• [Data excerpt]
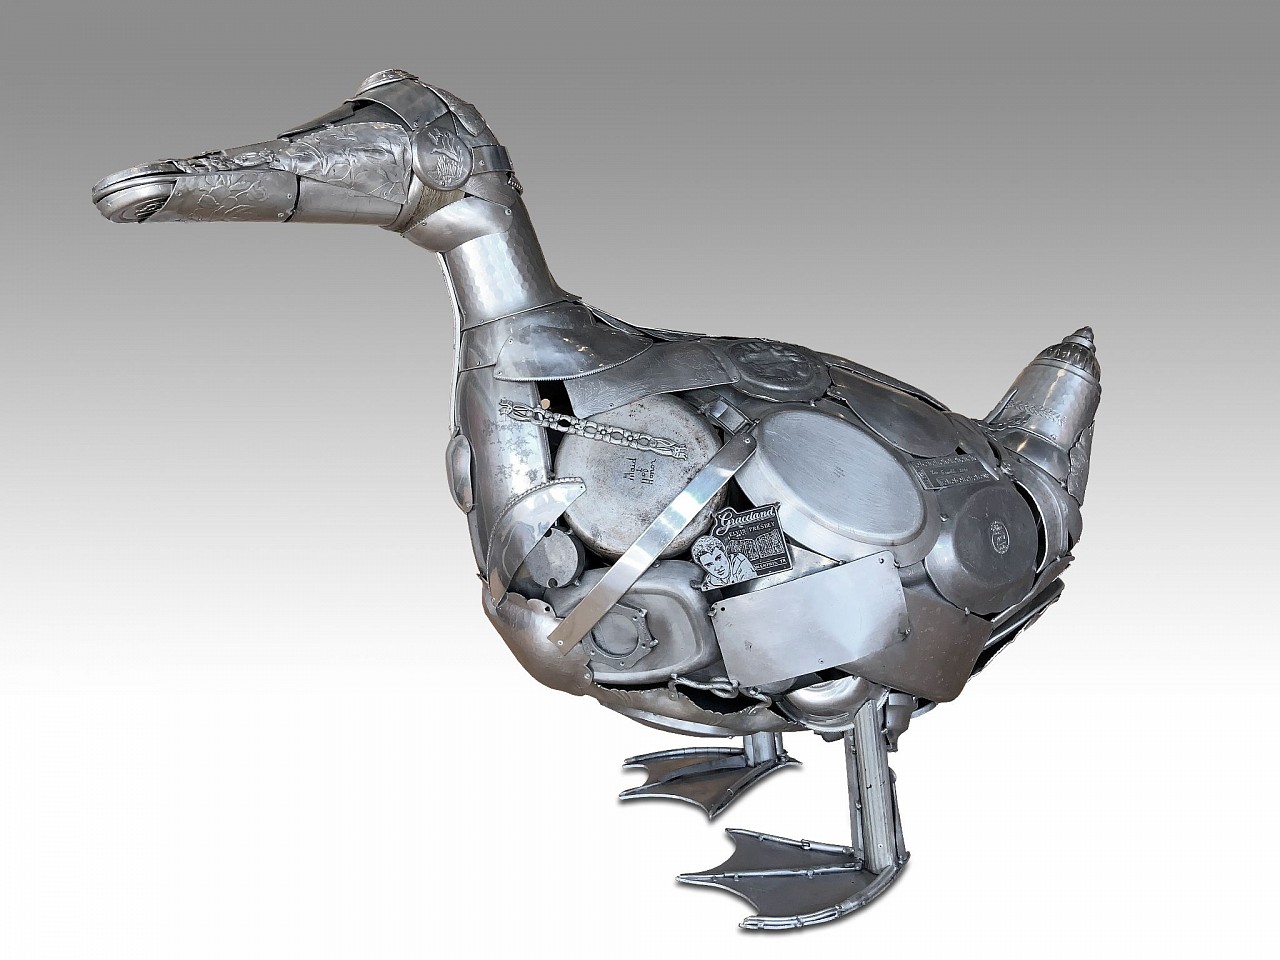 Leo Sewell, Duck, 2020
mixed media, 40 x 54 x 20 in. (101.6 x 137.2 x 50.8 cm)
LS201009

• [Your instructions] Each line of the listing must be restated word for word, and the pictures left out.

• [Exercise solution]
 Leo Sewell, Duck, 2020
mixed media, 40 x 54 x 20 in. (101.6 x 137.2 x 50.8 cm)
LS201009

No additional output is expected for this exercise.